BAPCPA has made substantial changes to § 523(a)(15). The law before BAPCPA was enacted required a court to determine if the debtor had the ability to repay the obligation and whether the discharge of the debt would yield a benefit to the debtor outweighing the detriment to the former spouse or child of the debtor. That no longer is the law. Under BAPC-PA, all debts owed to the spouse, former spouse, or child are nondischargeable regardless of whether the debtor had ability to pay the debt and regardless of whether the discharge to a debtor outweighs the detriment to the former spouse or child. If the debts were incurred in the course of a divorce proceeding, they are nondis-chargeable. See In re Tarone, 434 B.R. 41, 48 (Bankr.E.D.N.Y.2010).
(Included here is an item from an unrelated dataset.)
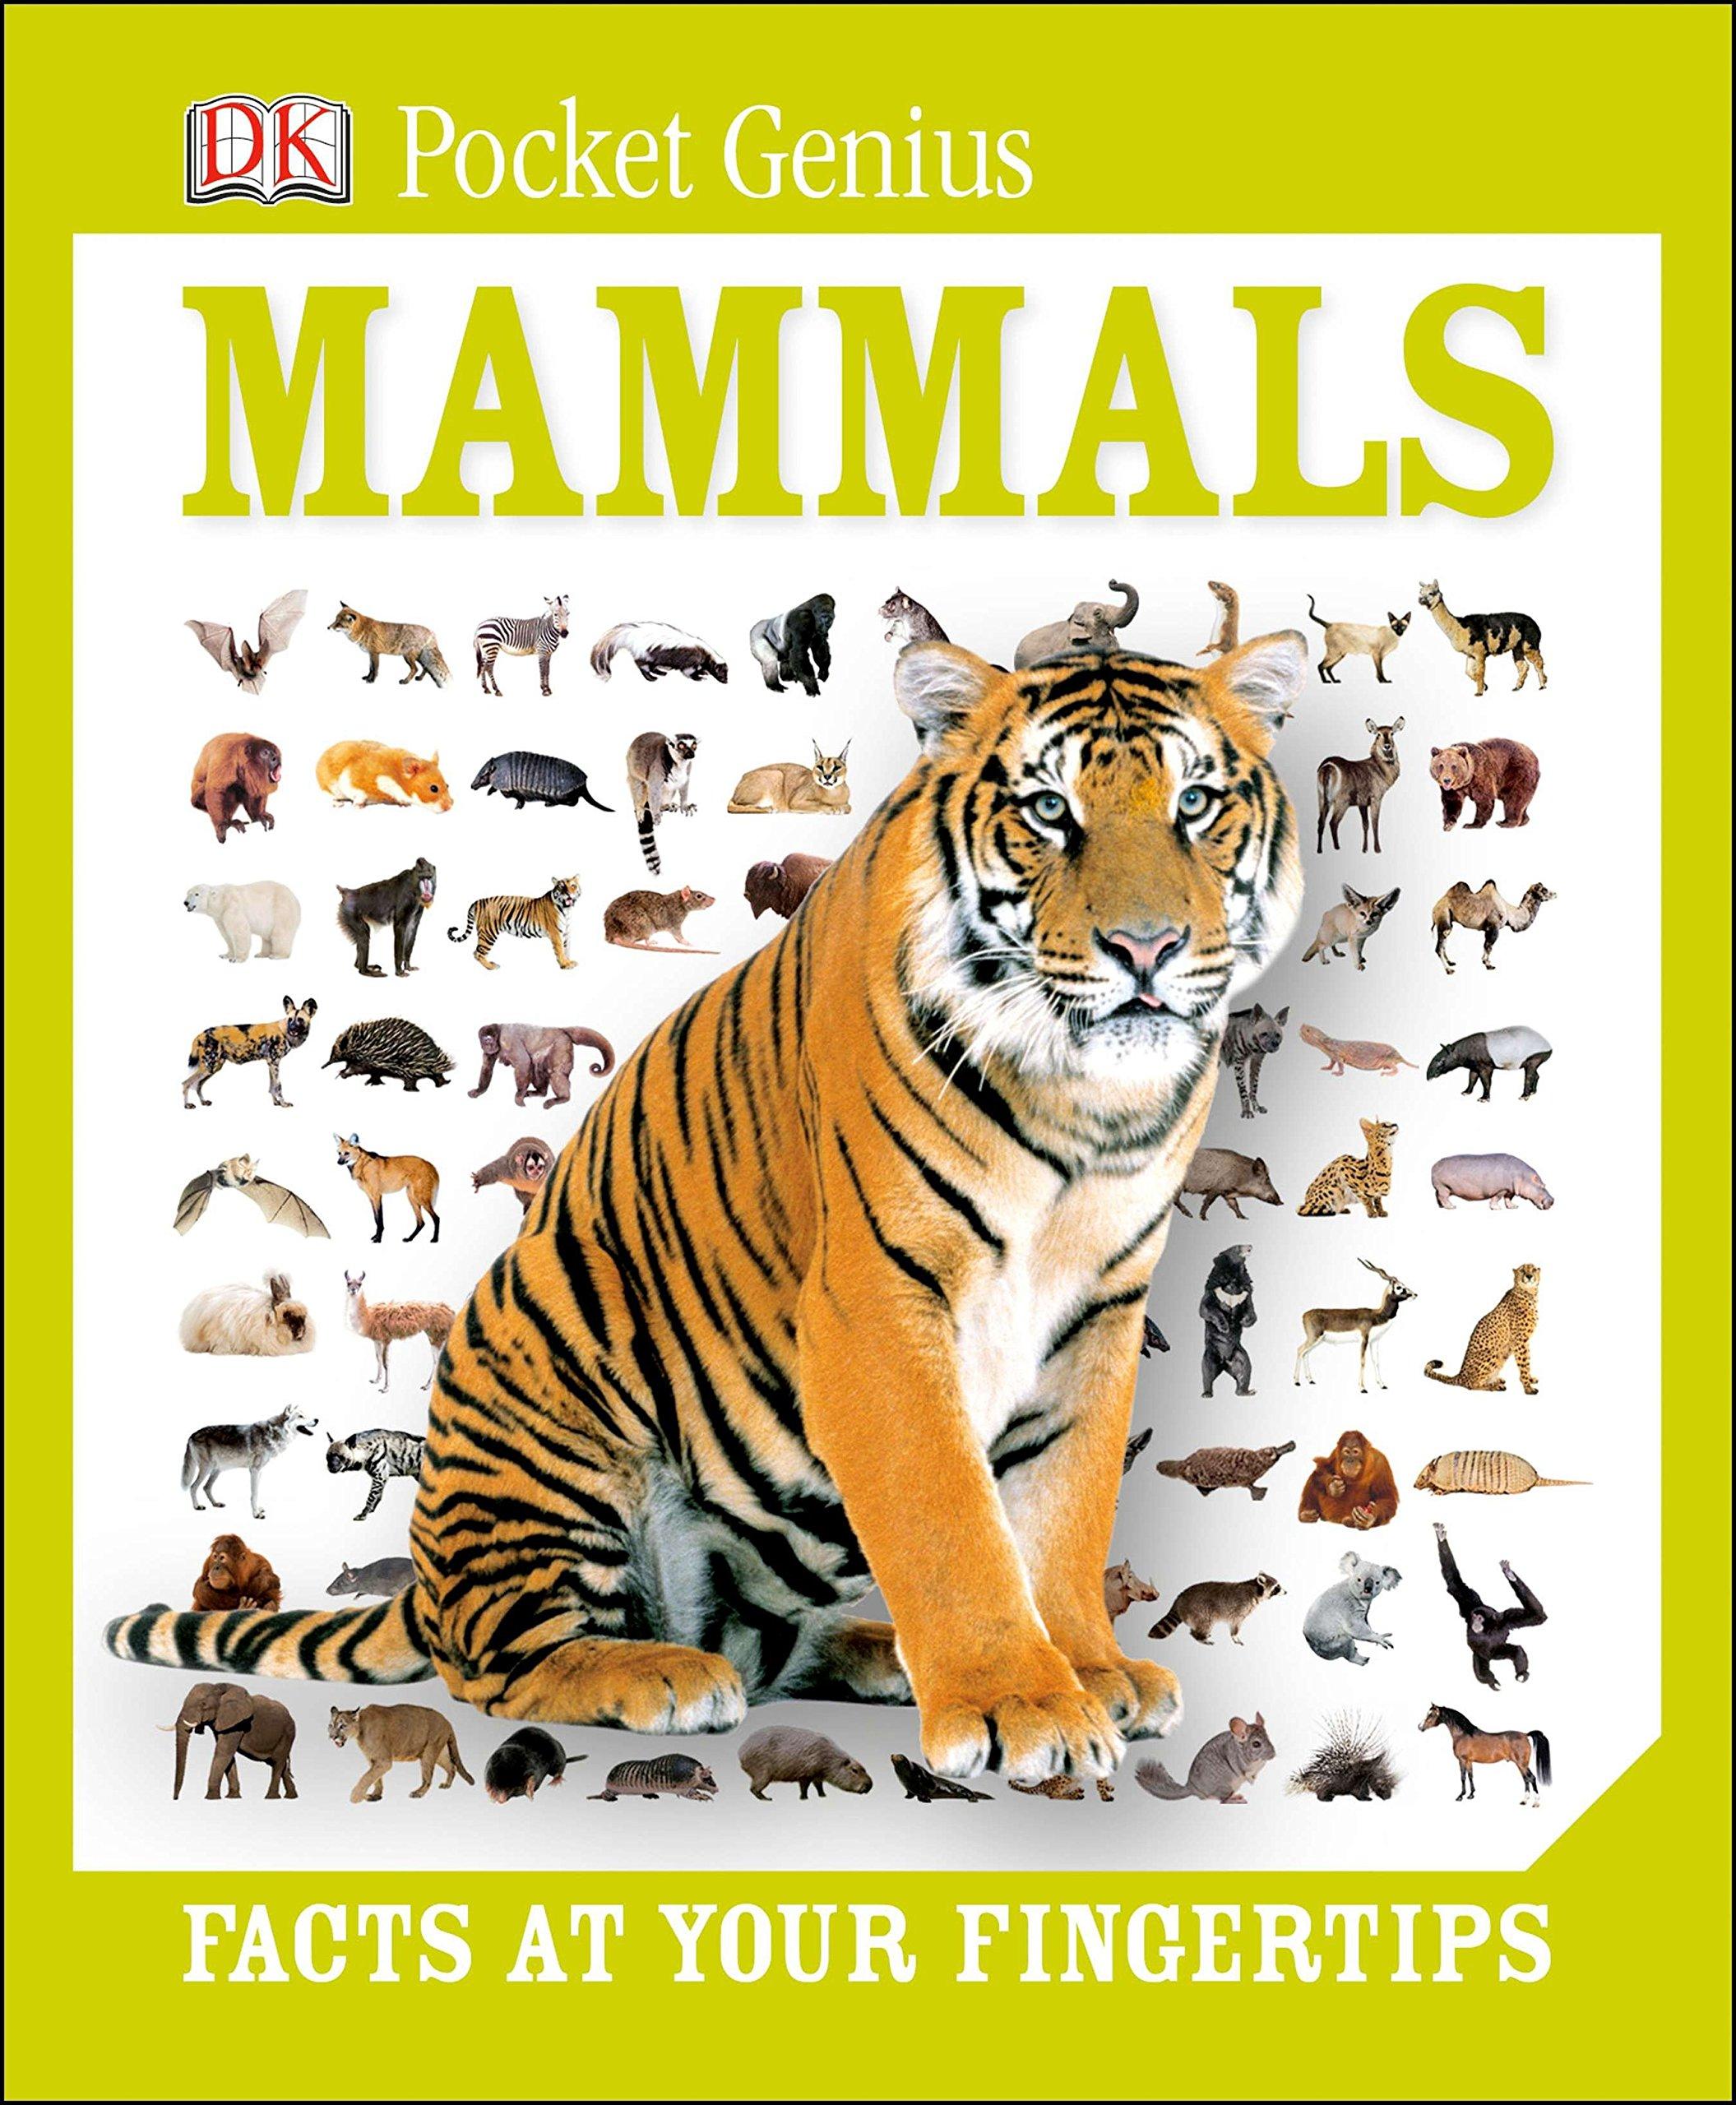 Pocket Genius: Mammals: Facts at Your Fingertips PDF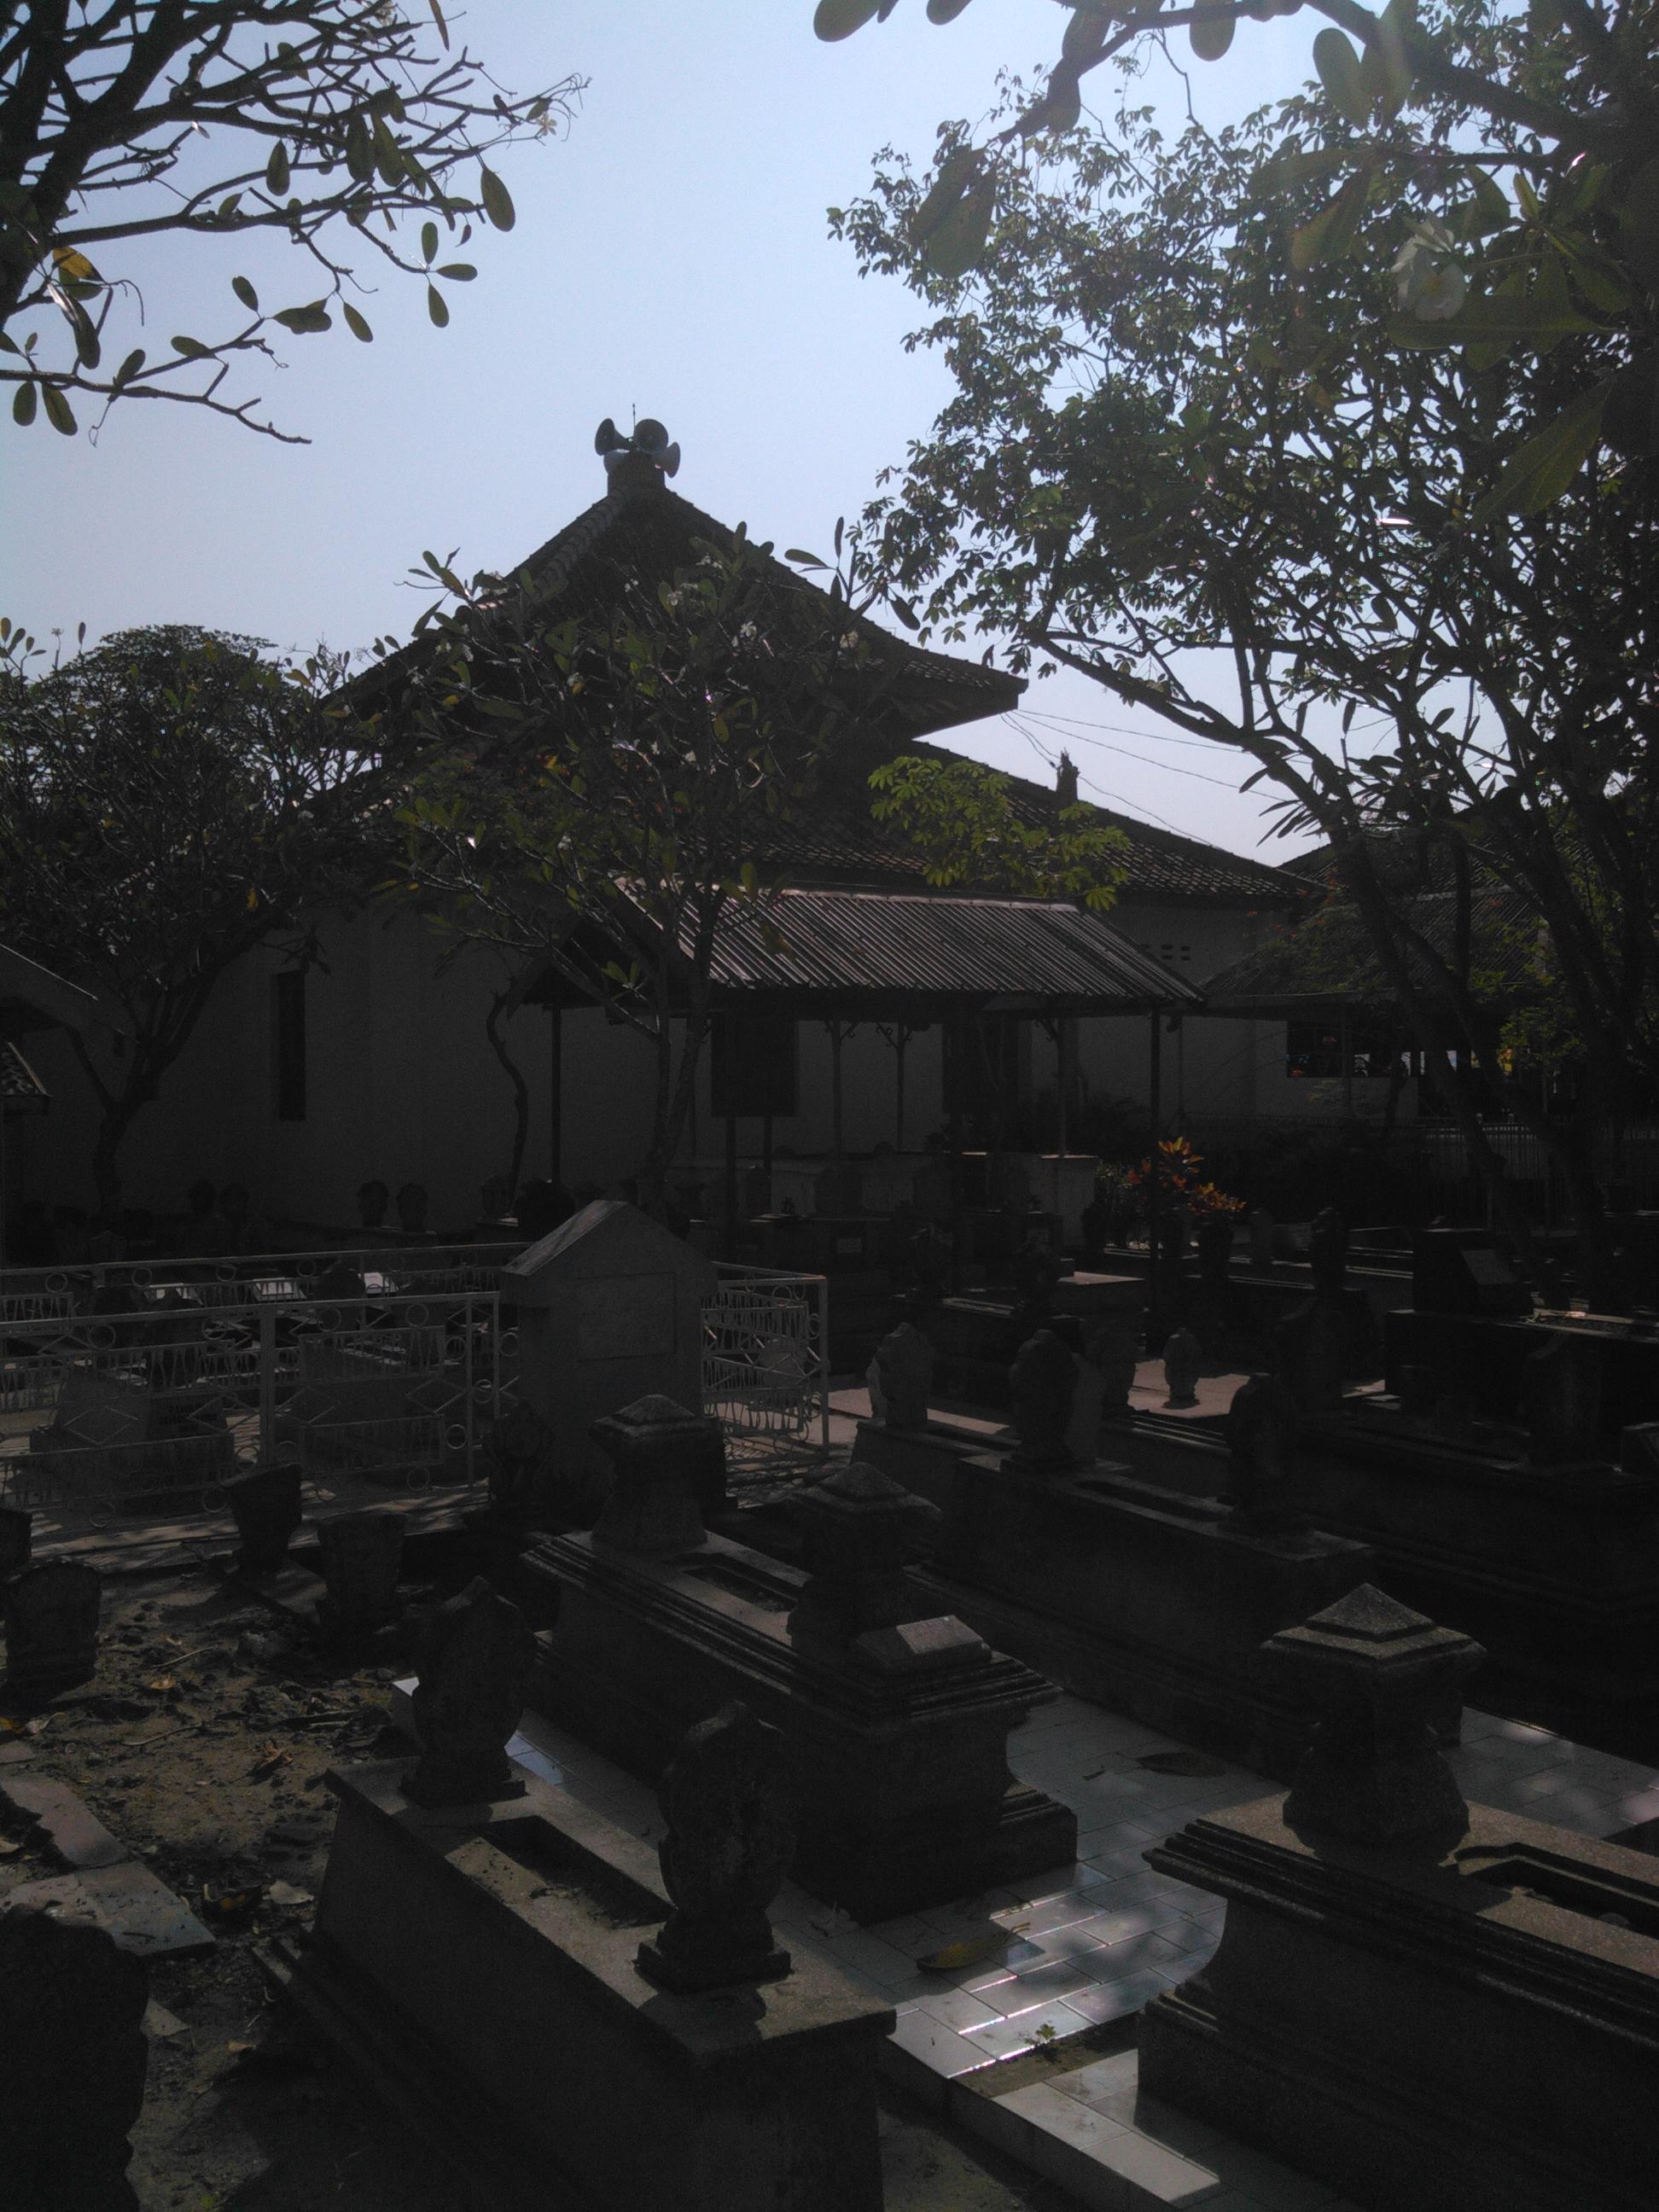 Masjid Kuno Kuncen Makam Kno Taman Kab Madiun

The facts in Tarone are similar to the facts in the case at bar&emdash;namely, attorney’s fee awards were ordered to be paid to the debtor’s ex-wife’s attorney in marital dissolution proceedings. These fees were found, in Tarone, to be nondischargeable.

This court concludes that, even if the legal fees ordered to be paid to the plaintiff did not fit the definition of a domestic support obligation for purposes of § 523(a)(5), they are nevertheless nondis-chargeable under § 523(a)(15).

Defendant’s Remaining Arguments

The defendant’s remaining arguments are without merit as to whether the attorney’s fees due to the plaintiff are nondis-chargeable.

The defendant’s argument that the state court contempt orders were invalid is *736not a matter for this court to decide. As stated in In re Lesh, 253 B.R. 849, 853 (Bankr.N.D.Ohio 2000):

[A] bankruptcy court should be cautious when making any ruling that would in effect overturn a state court decision as the bankruptcy courts were never intended to serve as an avenue through which litigants could collaterally attack the validity of a state court judgment.

In In re Tadisch, 220 B.R. 371, 376 (Bankr.E.D.Wis.1998), this court declared: “A bankruptcy court should not place itself in a position of second-guessing a decision by a domestic relations court.”1

The defendant also argues that, if this debt is declared nondischargeable, it would deprive him of his right to a fresh start and would violate the principle that exceptions to discharge should be strictly construed against creditors and in favor of debtors. In In re Crosswhite, 148 F.3d 879, 881 (7th Cir.1998), the court, while recognizing this principle, qualified it as follows:

That policy of protecting and favoring the debtor is tempered, however, when the debt arises from a divorce or separation agreement.

Finally, the debtor suggests that plaintiff may be “double dipping.” Nothing in the record of this case supports that allegation, which is only speculative and is rejected as baseless.

Conclusion

The court concludes that the plaintiff is entitled to summary judgment and the debtor’s obligation to pay the attorney’s fees totaling $8,846.75 ordered to be paid directly to the plaintiff constitutes a non-dischargeable debt under § 523(a)(5) as a domestic support obligation. Alternatively, even if this obligation was not a domestic support obligation, it would be nondis-chargeable under § 523(a)(15).

The foregoing constitutes this court’s findings of fact and conclusions of law pursuant to Fed. R. Bankr.P. 7052.

A separate order shall be entered.

. The defendant has a pending appeal before the Wisconsin Court of Appeals in connection with the contempt orders made by the Milwaukee County courts. Whether the debtor has raised this issue in his appeal is unknown.